UX Research brings your customers and users into the service and product development process. The purpose is to ensure that the product or service being developed meets the user’s known and unknown needs, is intuitive, and delivers an effective and consistent user experience.

When Does UX Research Take Place?

There are four stages that UX research takes place, as illustrated by the following graphic.

Discovery Research

The first stage is discovery research (can also be referred to as foundation research). It is used to identify the problem space and opportunity. For those familiar with the Design Council double-diamond approach, this mirrors the divergent stage of the first diamond.

The key is that at this stage we are casting our net as wide as possible. Preconceived ideas about how the product or service will work are not welcome here. Research should focus on uncovering the user’s unmet, possibly unknown needs; their mental models; their “jobs to be done”. Only by keeping this stage wide can we truly create valuable and differentiated products and services.

Generative Research

When it is clear that we have a proposition that can address the needs of our customers, we will then need to establish the building blocks of the experience. Generative is a key stage that translates the outcomes from discovery research into tangible artifacts that guide the design. Where discovery research defines the need, generative research defines the experience.

To be clear, generative research should not limit the design team. It should help to open up possibilities and to avoid dead ends. Good generative research that underpins the design will save time and money as the design is created.

Evaluative Research

When designs for the product or service are available, we provide evaluative research. This is often where usability testing comes in, which is one of the most commonly adopted methodologies in user experience research, but can take other forms.

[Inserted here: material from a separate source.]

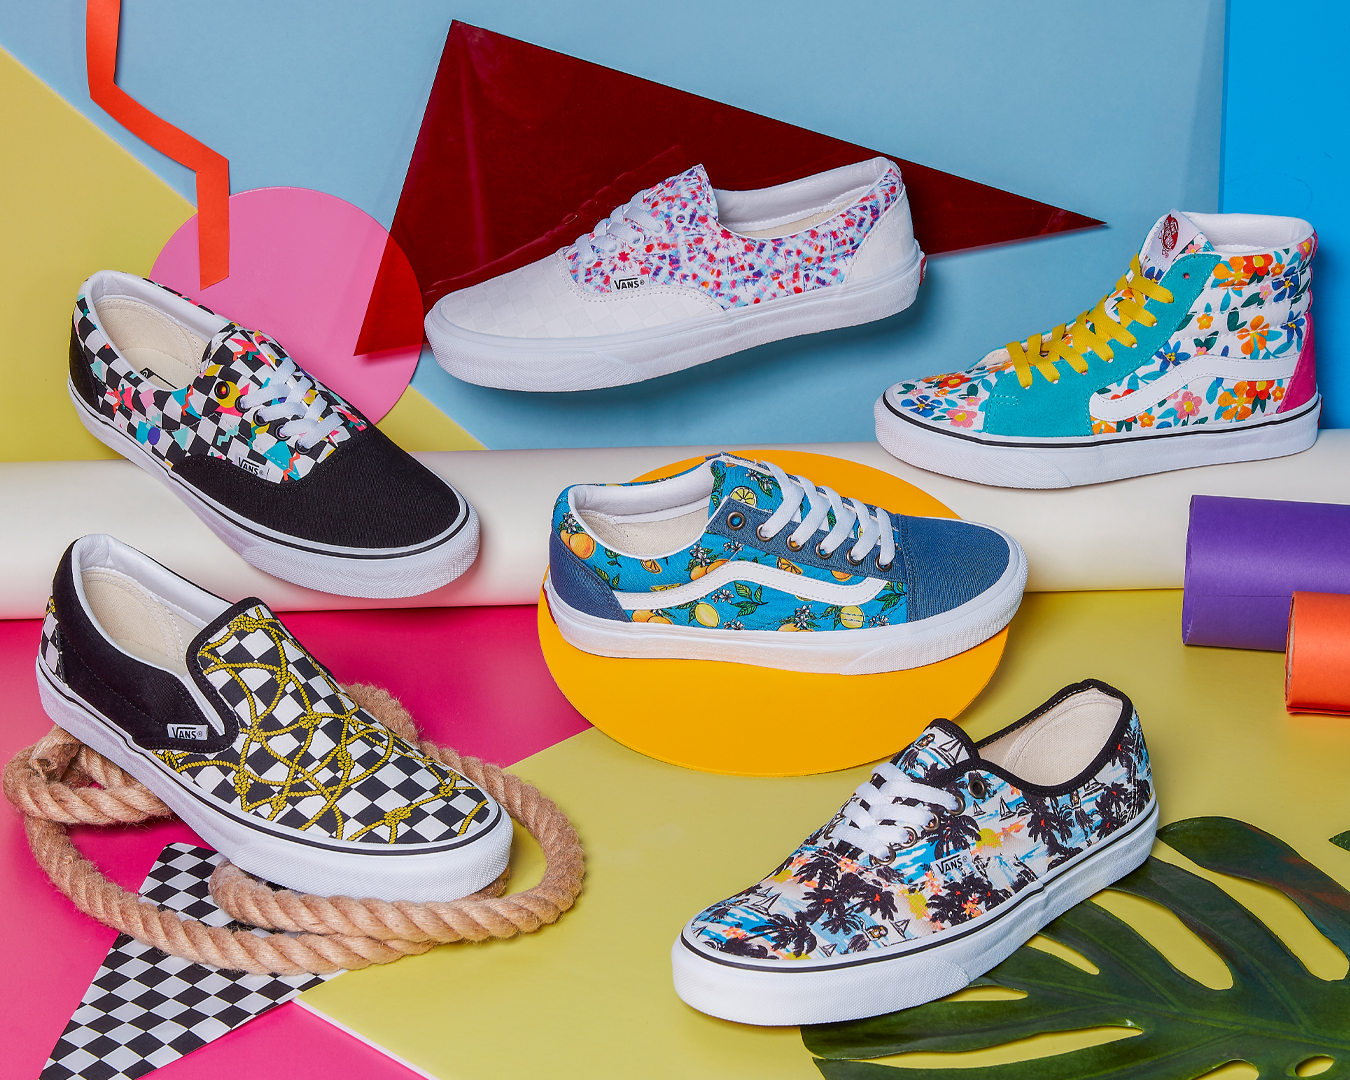 Vans on Twitter: "Get creative and design your own pair of with new prints. Available now at https://t.co/f5ezIotTWR https://t.co/eEUKiCT3TB" / Twitter

Assuming discovery research has been followwed by generative research, the designs under evaluation will have very little guess work in them. The evaluation can therefore focus on the design alternatives the team has come up with rather than trying to work out if they thing is of value at all. It is very common for companies to skip the first two stages and see their product or services unravel under evaluation.

Optimisation Research

Finally, when the product or service is live, we support the client’s optimisation approach with qualitative research. This provides the “why” to the “what” that is delivered by tech measurement.